SOLUTION: Let x denote the time taken to run a road race. Suppose x is approximately normally distributed with a mean of 190 minutes and a standard deviation of 21 minutes. If one runner i

Question 1178774: Let x denote the time taken to run a road race. Suppose x is approximately normally
distributed with a mean of 190 minutes and a standard deviation of 21 minutes.
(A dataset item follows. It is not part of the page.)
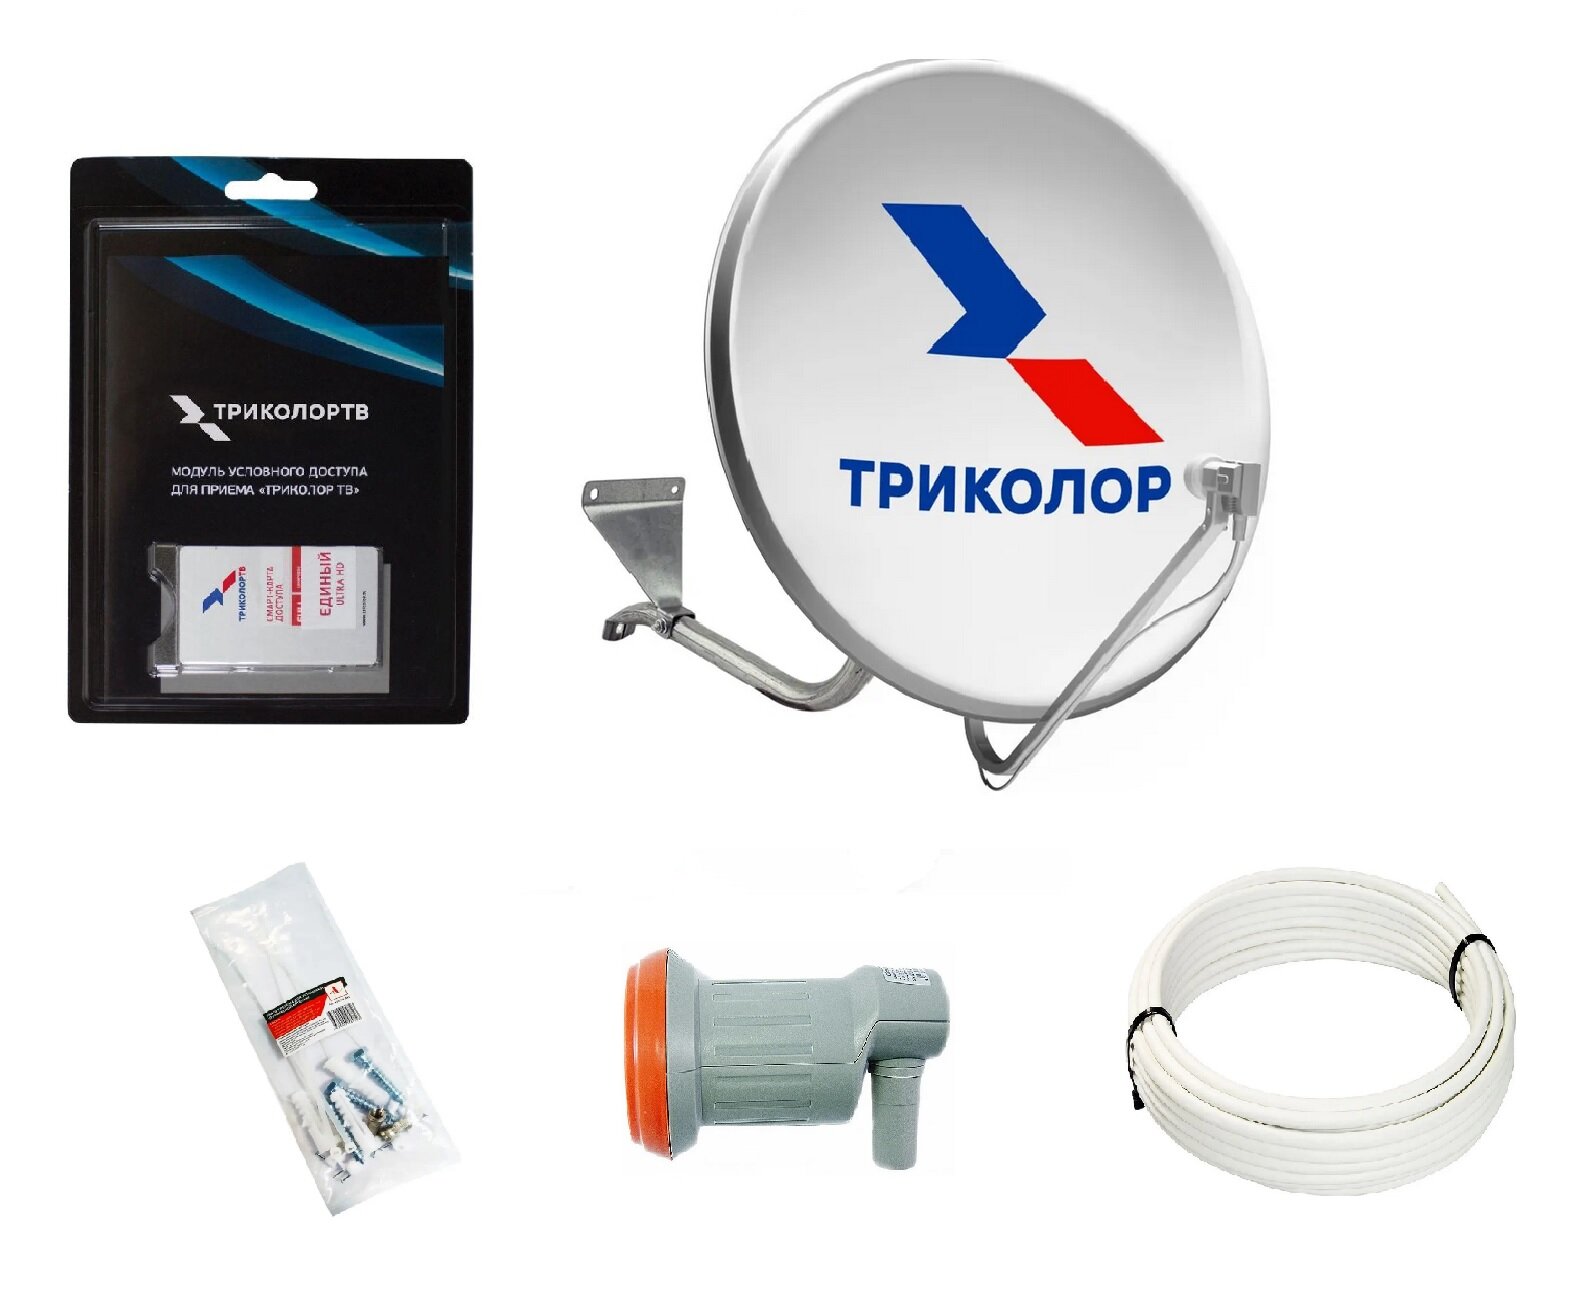 Комплект спутникового ТВ Триколор с модулем условного доступа+подписка 31 день (Центр Единый 1500 руб./год)

If
one runner is selected at random, what is the probability that this runner will
complete this road race in:
a. less than 160 minutes? [3 marks]
b. greater than 210 minutes? [5 marks]
c. 215 to 245 minutes? [7 minutes]
Answer by CPhill(1987) (Show Source): You can put this solution on YOUR website!
Let's solve this problem step-by-step:
**Given Information:**
* X ~ N(190, 21²) (X is normally distributed with mean μ = 190 minutes and standard deviation σ = 21 minutes)
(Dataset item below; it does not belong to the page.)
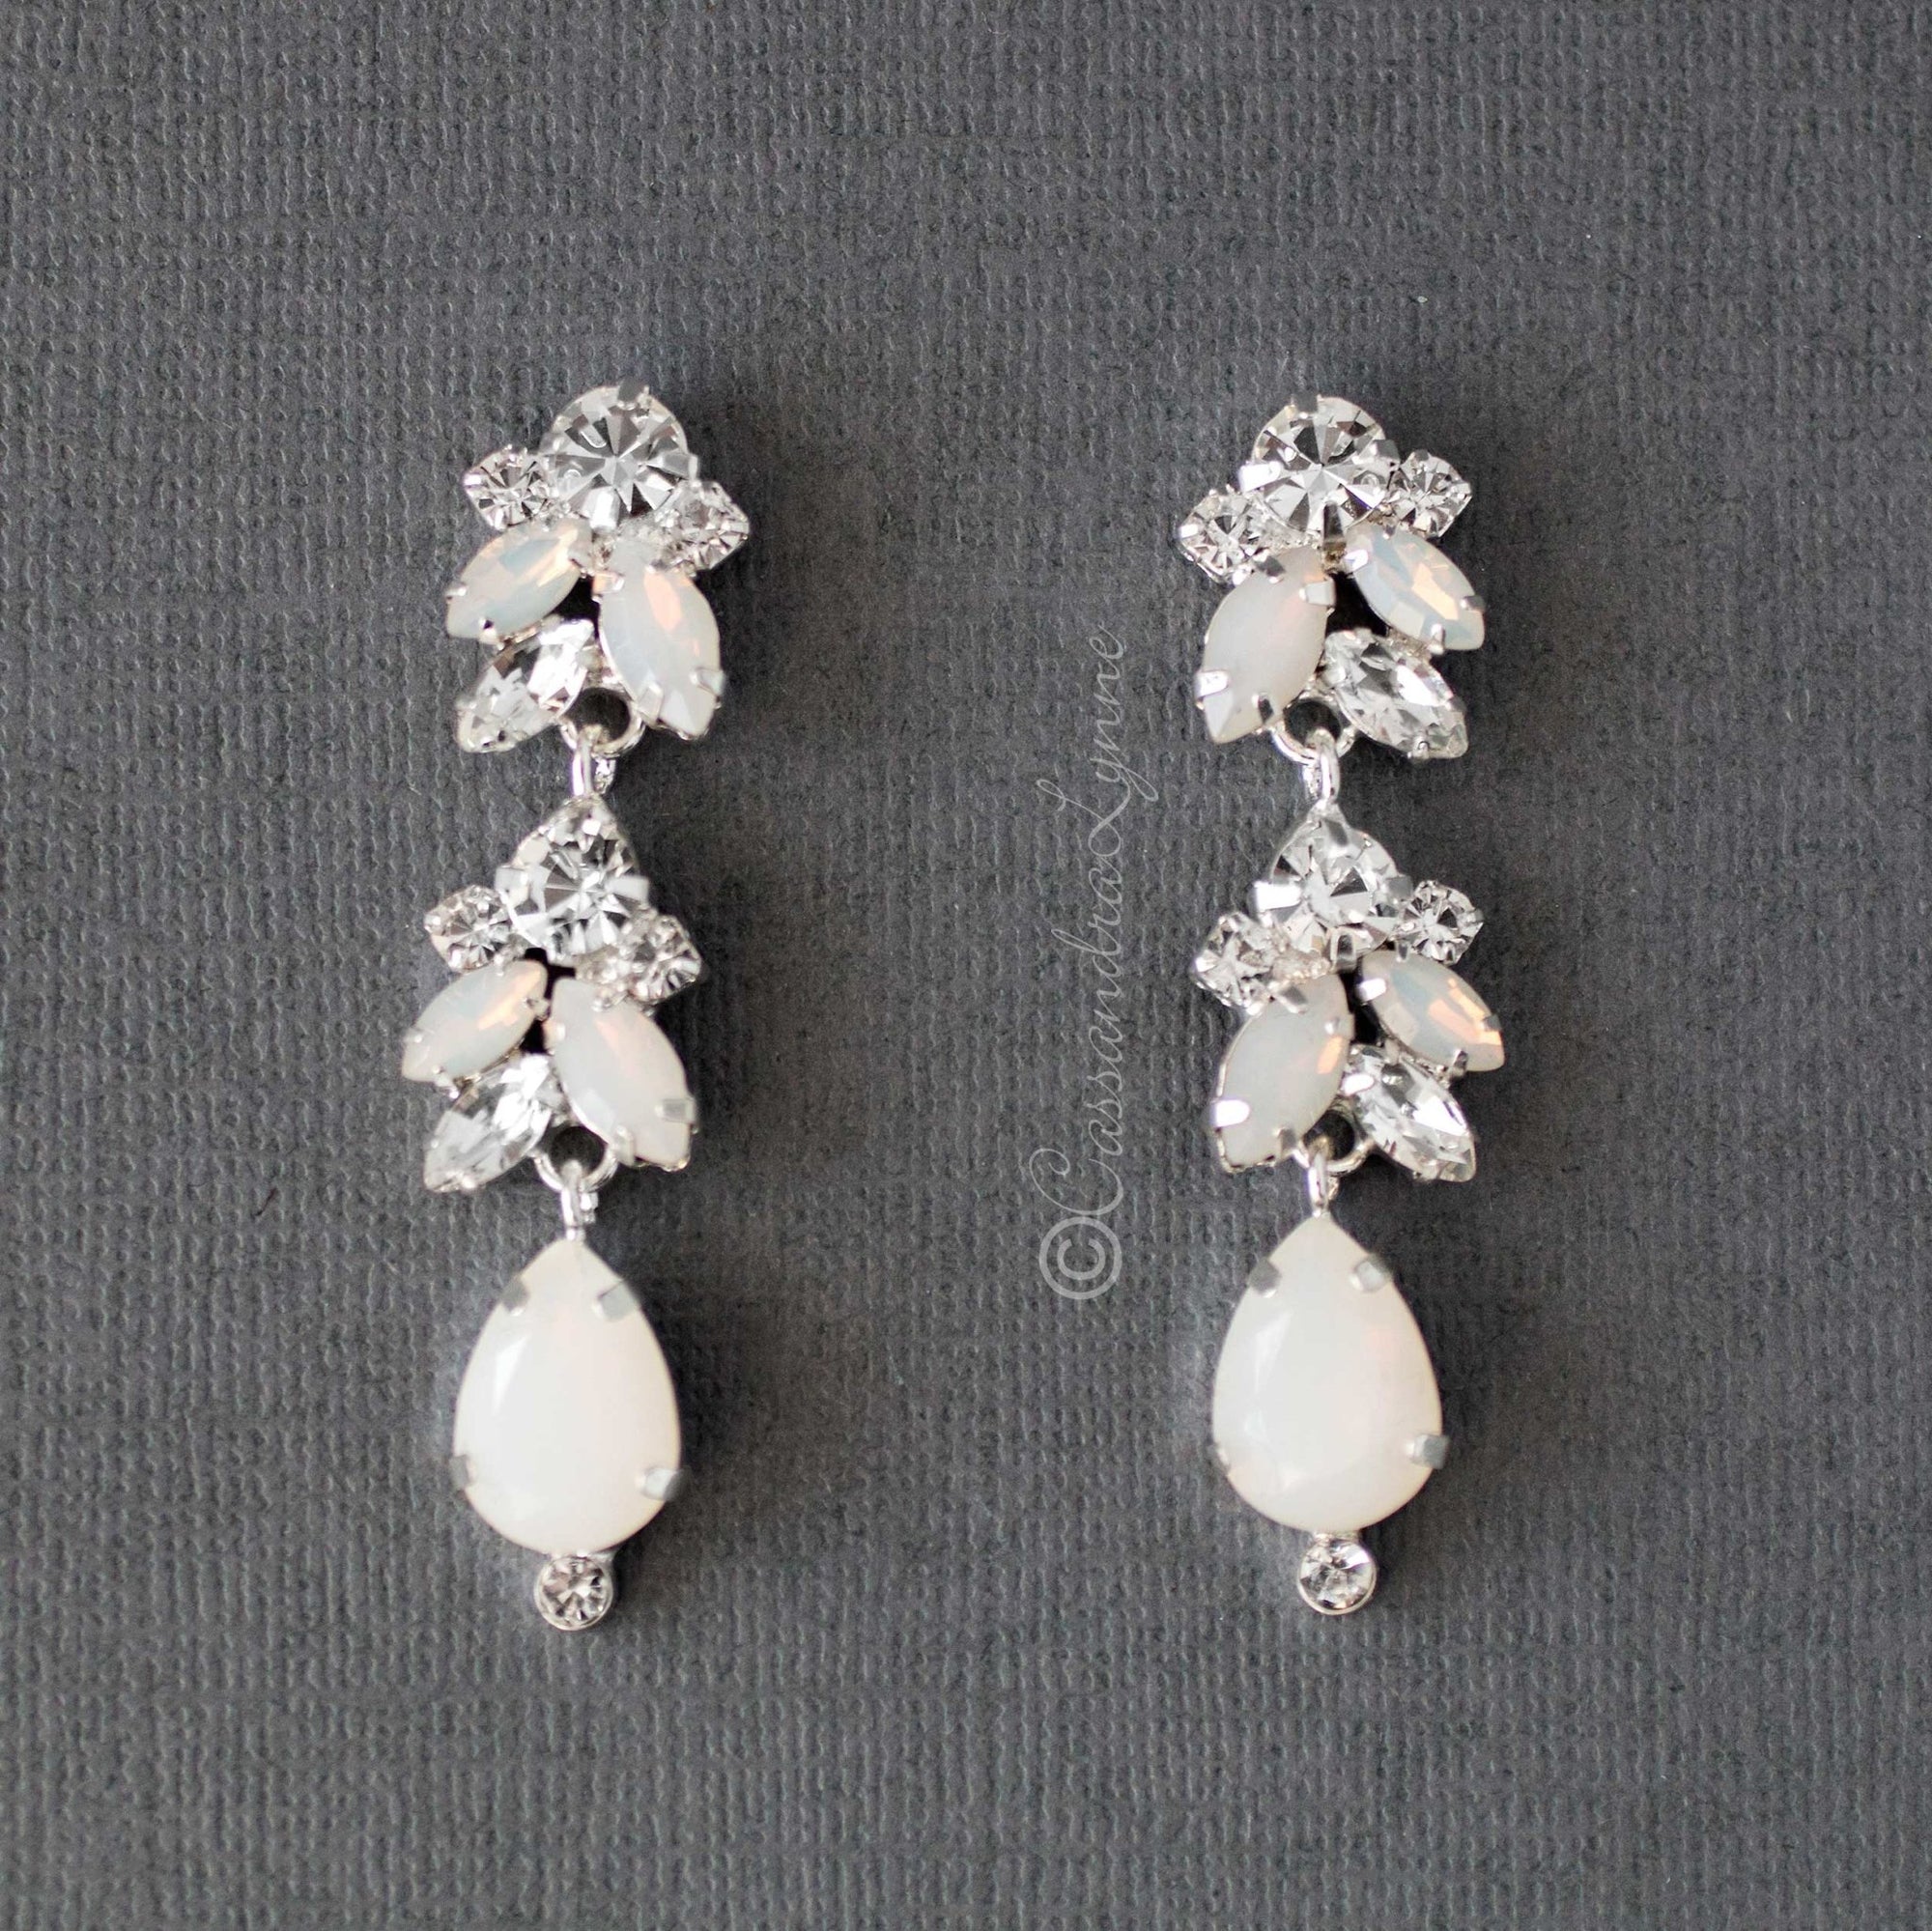 Opal Crystal Wedding Earrings - Cassandra Lynne

**a. Less than 160 minutes?**
1. **Calculate the z-score:**
* z = (X - μ) / σ
* z = (160 - 190) / 21
* z = -30 / 21
* z ≈ -1.4286
2. **Find the probability:**
* P(X < 160) = P(z < -1.4286)
* Using a z-table or calculator, P(z < -1.43) ≈ 0.0764
**b. Greater than 210 minutes?**
1. **Calculate the z-score:**
* z = (X - μ) / σ
* z = (210 - 190) / 21
* z = 20 / 21
* z ≈ 0.9524
2. **Find the probability:**
* P(X > 210) = P(z > 0.9524)
* Using a z-table or calculator, P(z > 0.95) ≈ 0.1711
**c. 215 to 245 minutes?**
1. **Calculate the z-scores:**
* z₁ = (215 - 190) / 21
* z₁ = 25 / 21
* z₁ ≈ 1.1905
* z₂ = (245 - 190) / 21
* z₂ = 55 / 21
* z₂ ≈ 2.6190
2. **Find the probability:**
* P(215 < X < 245) = P(1.1905 < z < 2.6190)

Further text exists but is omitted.